_Task to carry out:_
Leave out the pictures and repeat the data exactly.

_Data:_
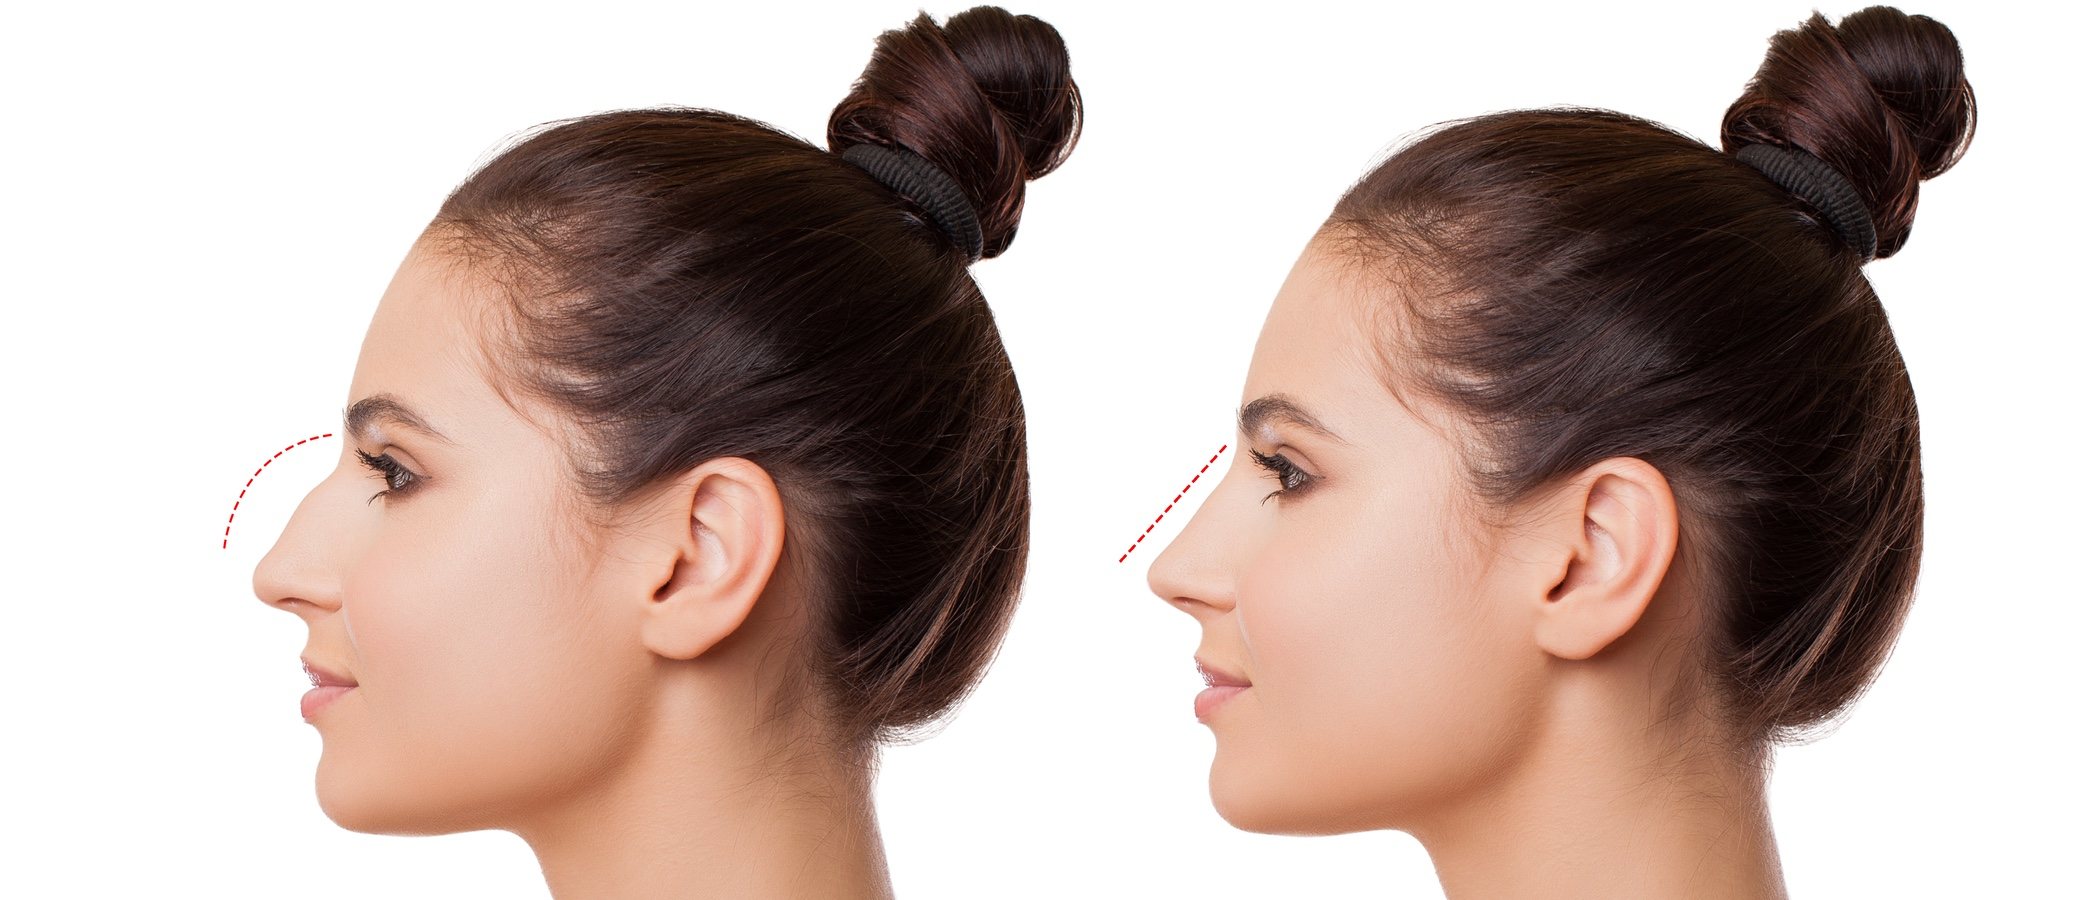 Rinoplastia: todo lo que necesitas saber sobre la cirugía de nariz
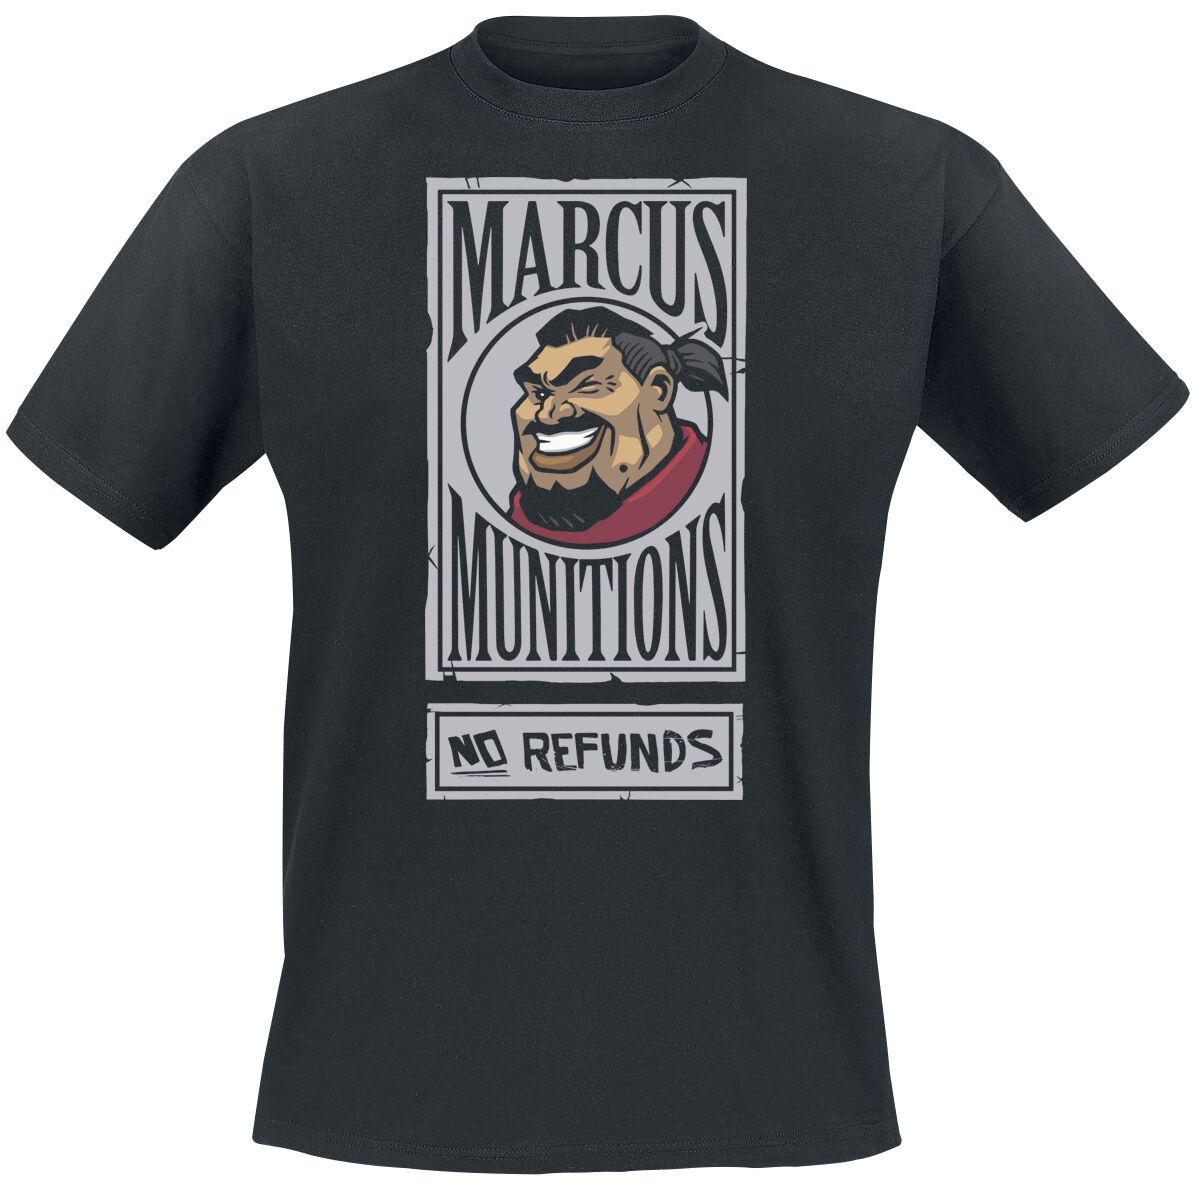 Borderlands - Gaming T-Shirt - 3 - Marcus Munitions - S bis XL - für Männer - Größe M - schwarz  - EMP exklusives Merchandise!
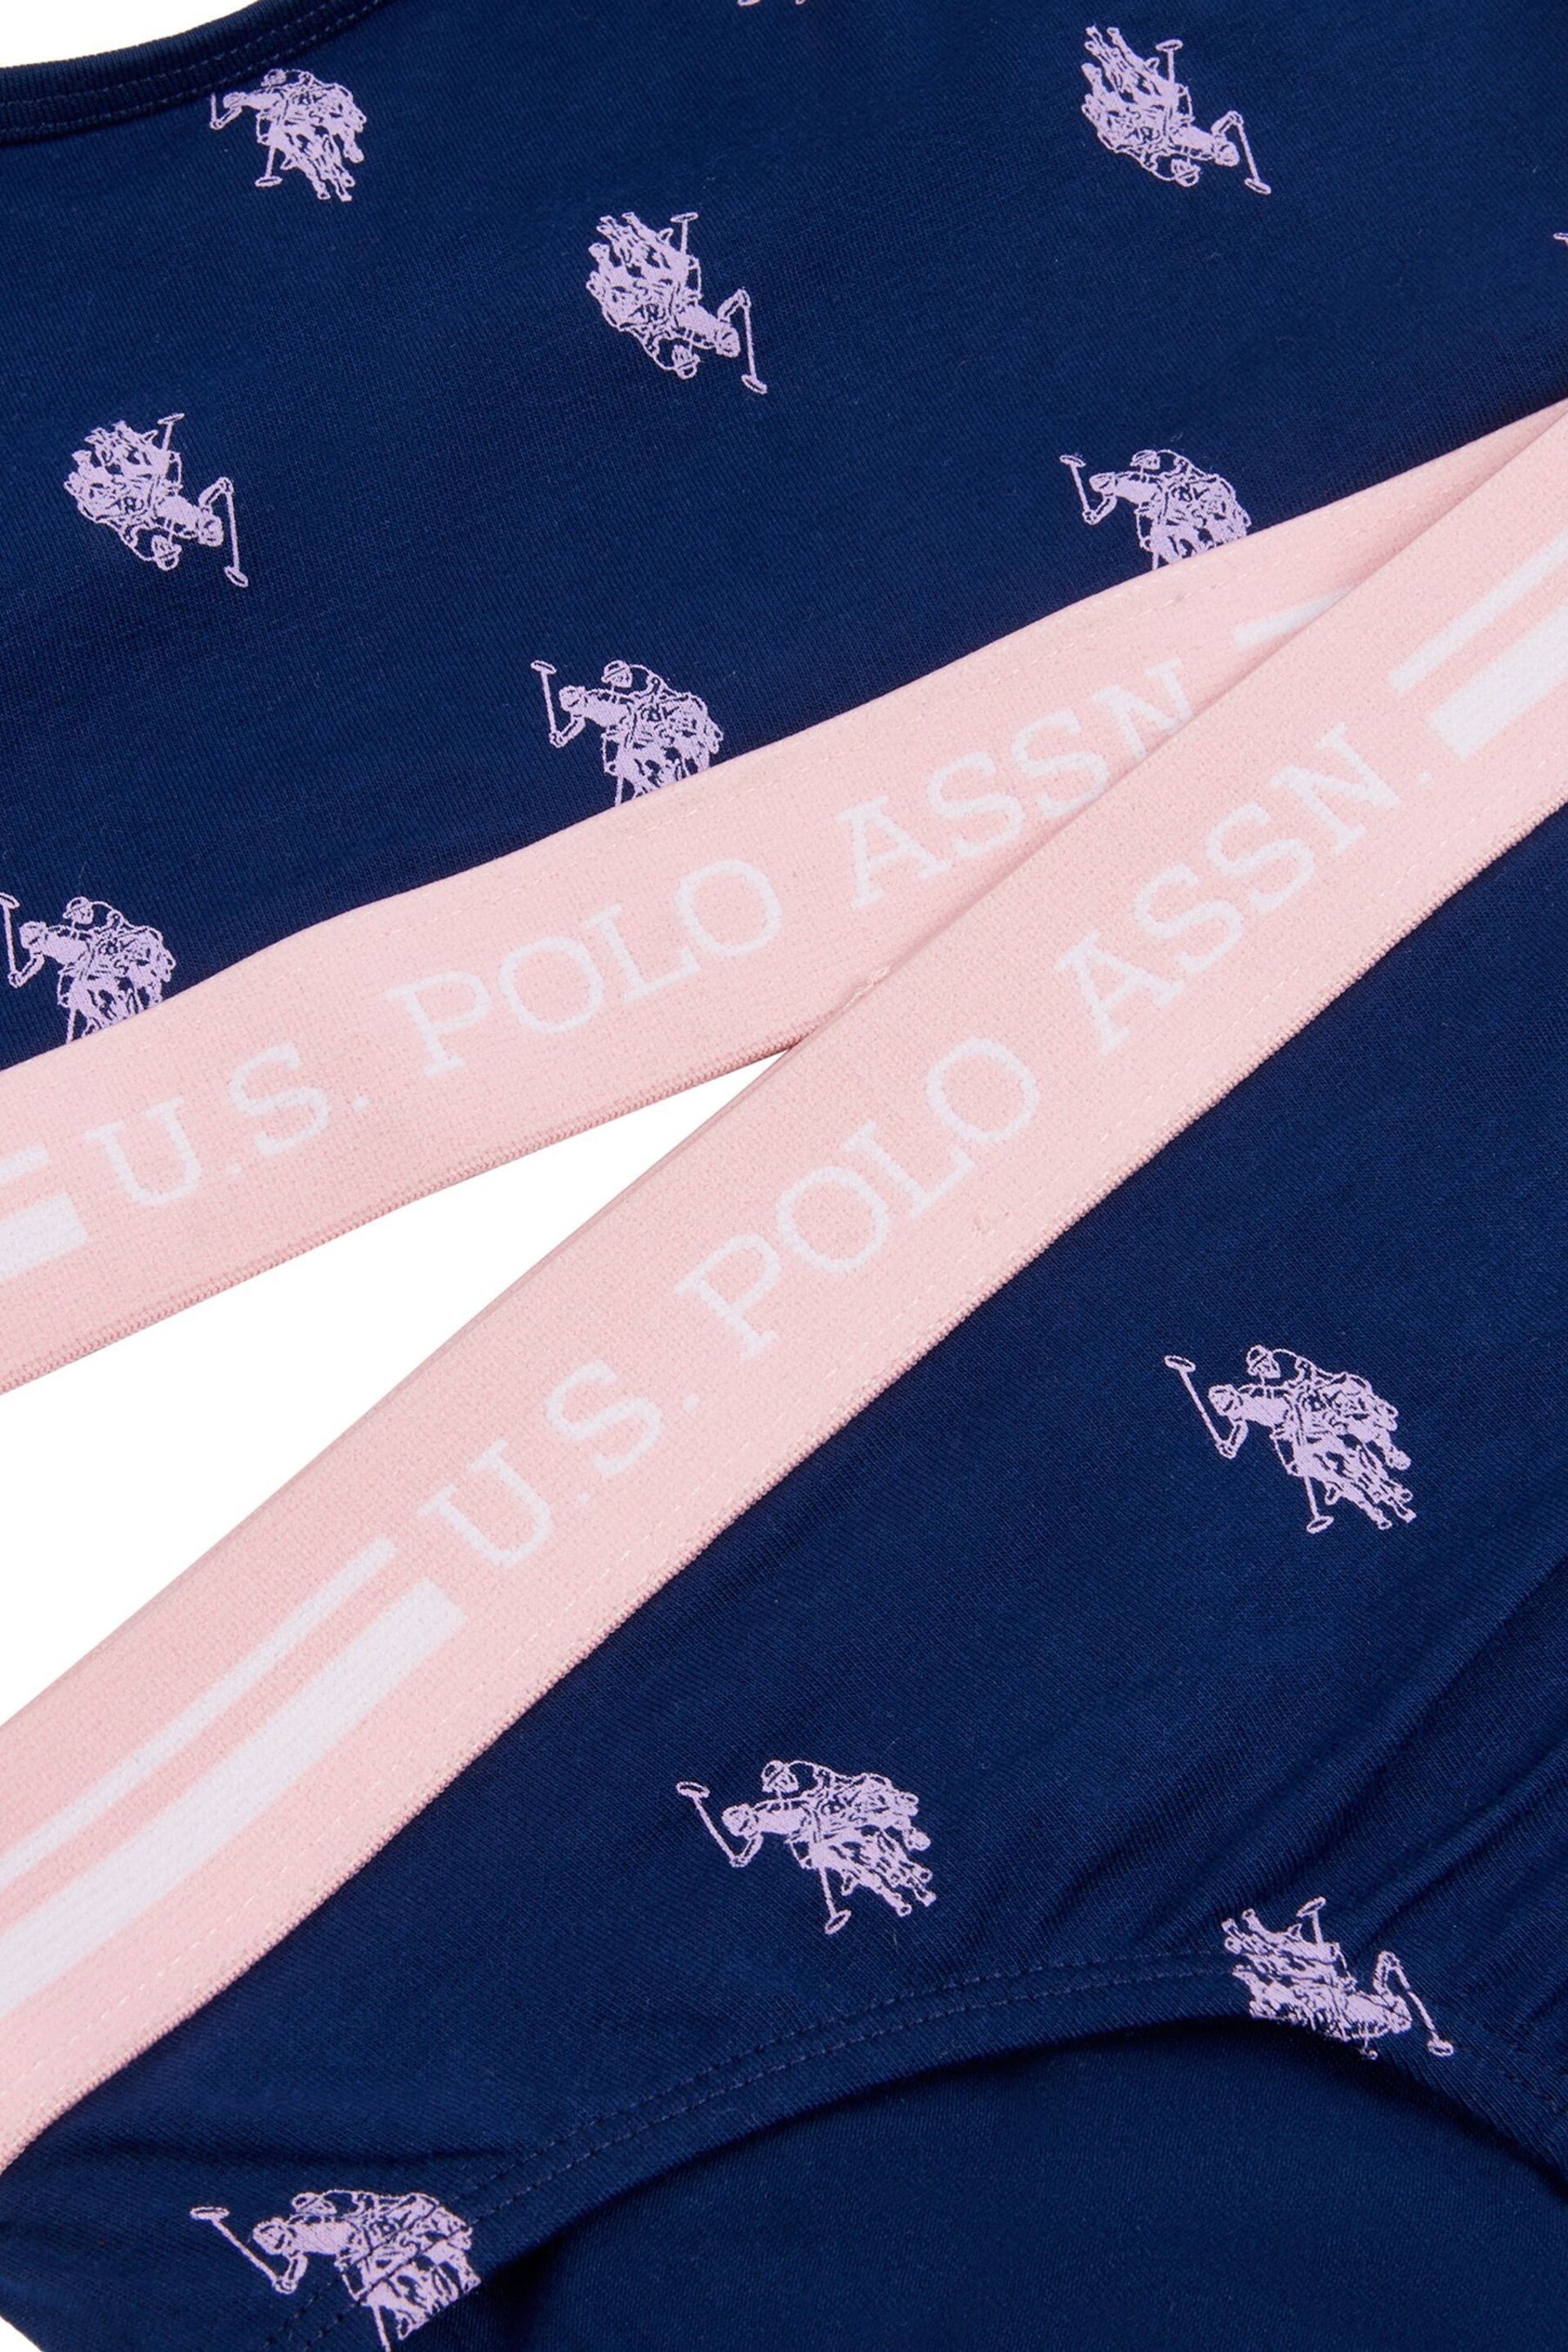 U.S. Polo Assn. Blue Bralette & Brief Underwear Set - Image 3 of 3
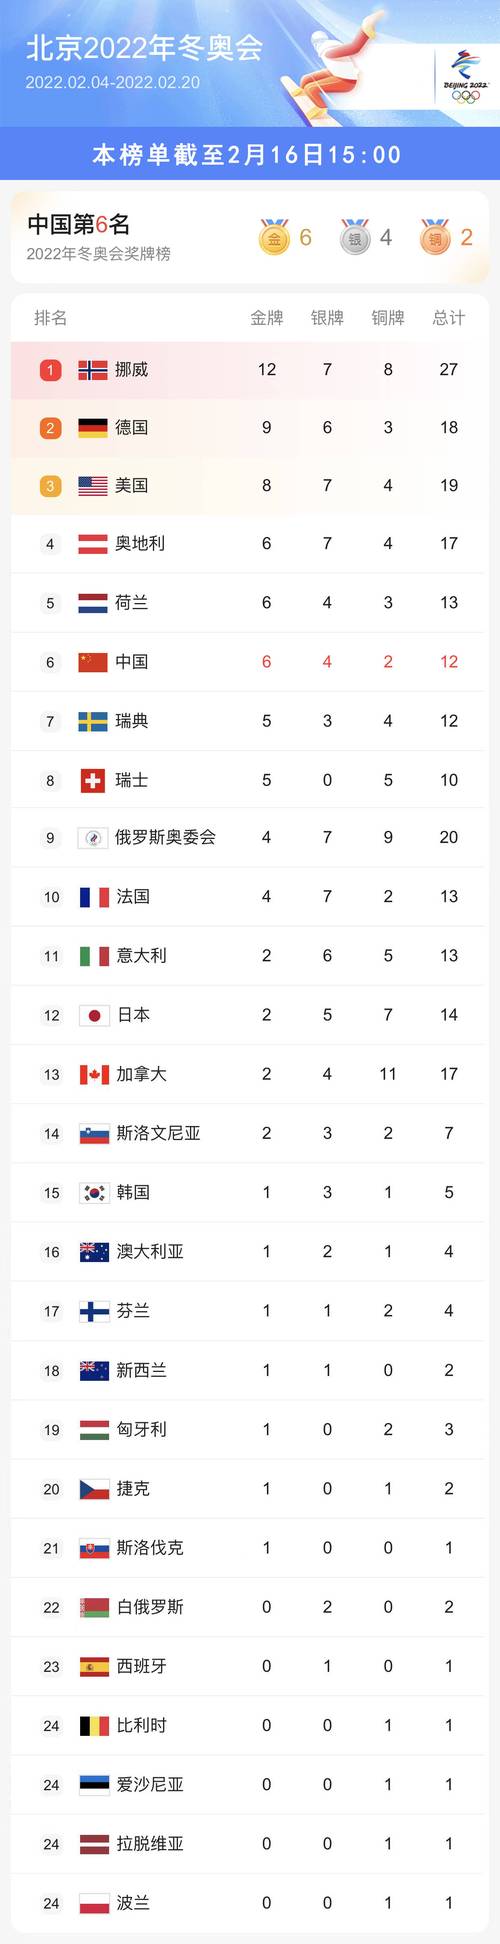 冬奥会奖牌榜排名榜

_Problem solution:_
 Rinoplastia: todo lo que necesitas saber sobre la cirugía de nariz
 Borderlands - Gaming T-Shirt - 3 - Marcus Munitions - S bis XL - für Männer - Größe M - schwarz  - EMP exklusives Merchandise!
 U.S. Polo Assn. Blue Bralette & Brief Underwear Set - Image 3 of 3
 冬奥会奖牌榜排名榜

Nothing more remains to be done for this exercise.